[Bug tree-optimization/91732] Adding omp simd pragma prevents vectorization

Wed Sep 11 12:32:00 GMT 2019

https://gcc.gnu.org/bugzilla/show_bug.cgi?id=91732

--- Comment #3 from Jed Brown <jed at 59A2 dot org> ---
> why not use gsym[Q*2*j+i] instead of g[j][0] and similarly gsym[Q*2-j*Q+i] instead of g[j][1]?

The pattern here is that gsym is packed storage of a symmetric 2x2 matrix,
while g unpacks it so that inner loops (intended for unrolling) can be written
using index notation. This case (a finite element quadrature routine for 2D
anisotropic Poisson) is reduced from more complicated examples (such as 3D
nonlinear solid and fluid mechanics) where this technique provides substantial
clarity and correspondence to mathematical notation. The suggested
transformation (eliminating the temporary g[][] in exchange for fancy indexing
of g) is problematic when representing higher order tensors
(https://en.wikipedia.org/wiki/Voigt_notation#Mnemonic_rule).

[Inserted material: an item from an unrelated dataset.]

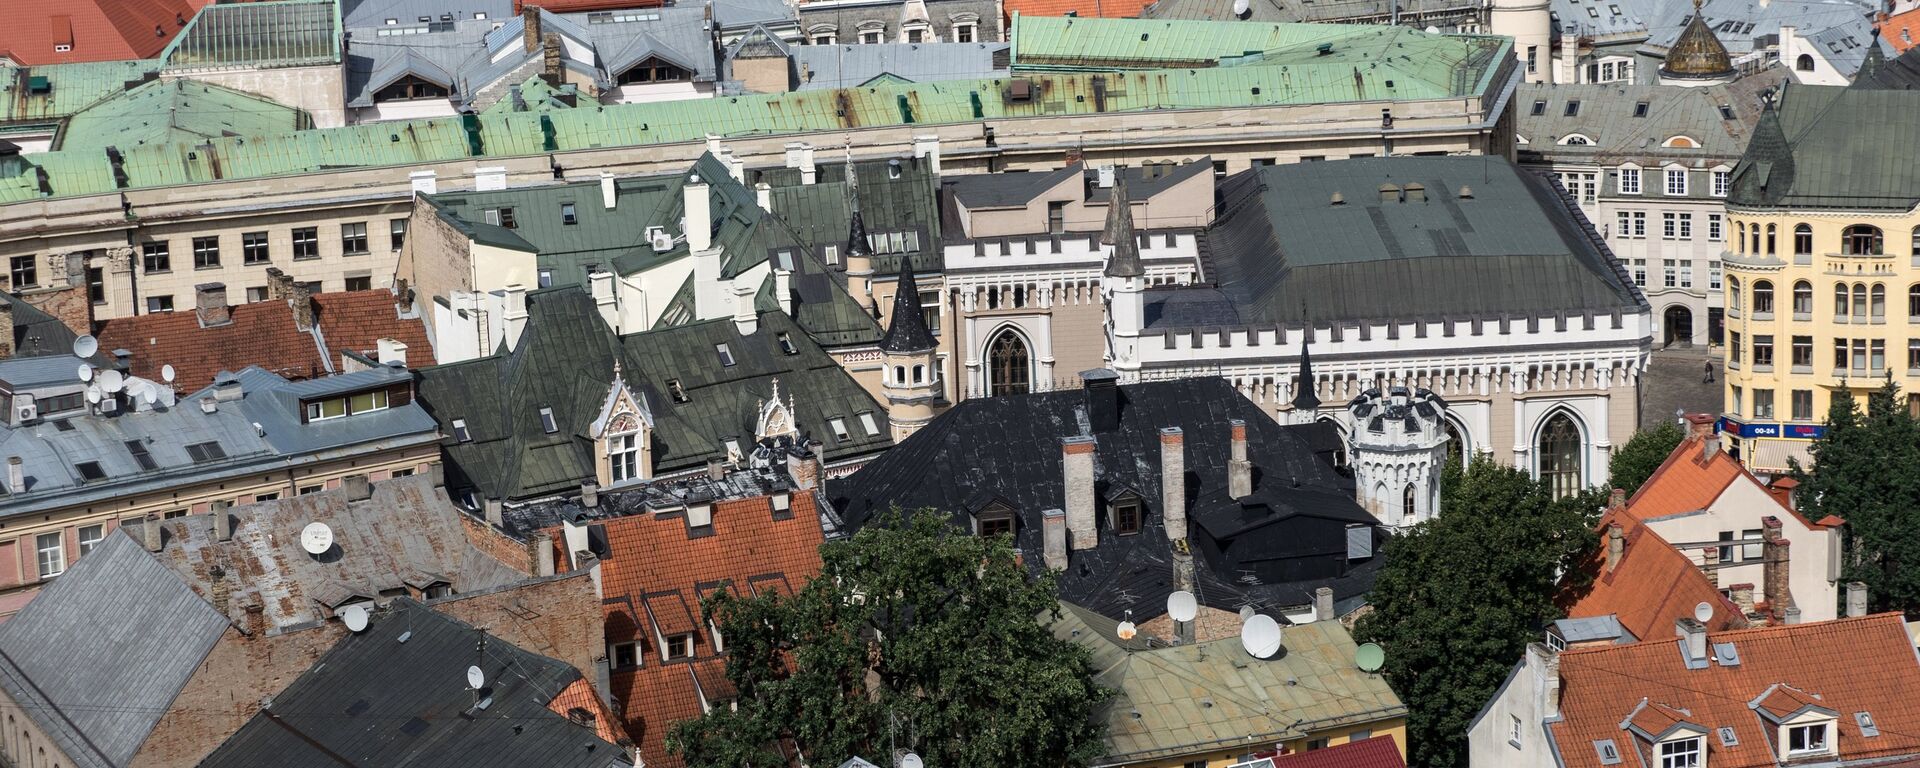 Крыши старого города в Риге в Латвии - Sputnik Латвия, 1920, 12.07.2020

It's also sometimes desirable to roll the second loop instead of repeating, in
which case you don't get to have a different indexing rule for g[j][0] and
g[j][1].

  for (int i=0; i<Q; i++) {
    const double g[2][2] = {{gsym[Q*0+i], gsym[Q*2+i]},
                            {gsym[Q*2+i], gsym[Q*1+i]}};
    for (int j=0; j<2; j++) {
      dv[Q*j+i] = 0;
      for (int k=0; k<2; k++)
        dv[Q*j+i] += g[j][k] * du[Q*k+i];
    }
  }
}

Fortunately, we're generally getting good codegen for more complicated cases
when using "GCC ivdep" and hit-or-miss (but good in this case) without any
pragmas (restrict becomes important when there are more arrays).  I filed this
report specifically because adding a semantically-correct "omp simd" prevented
vectorization.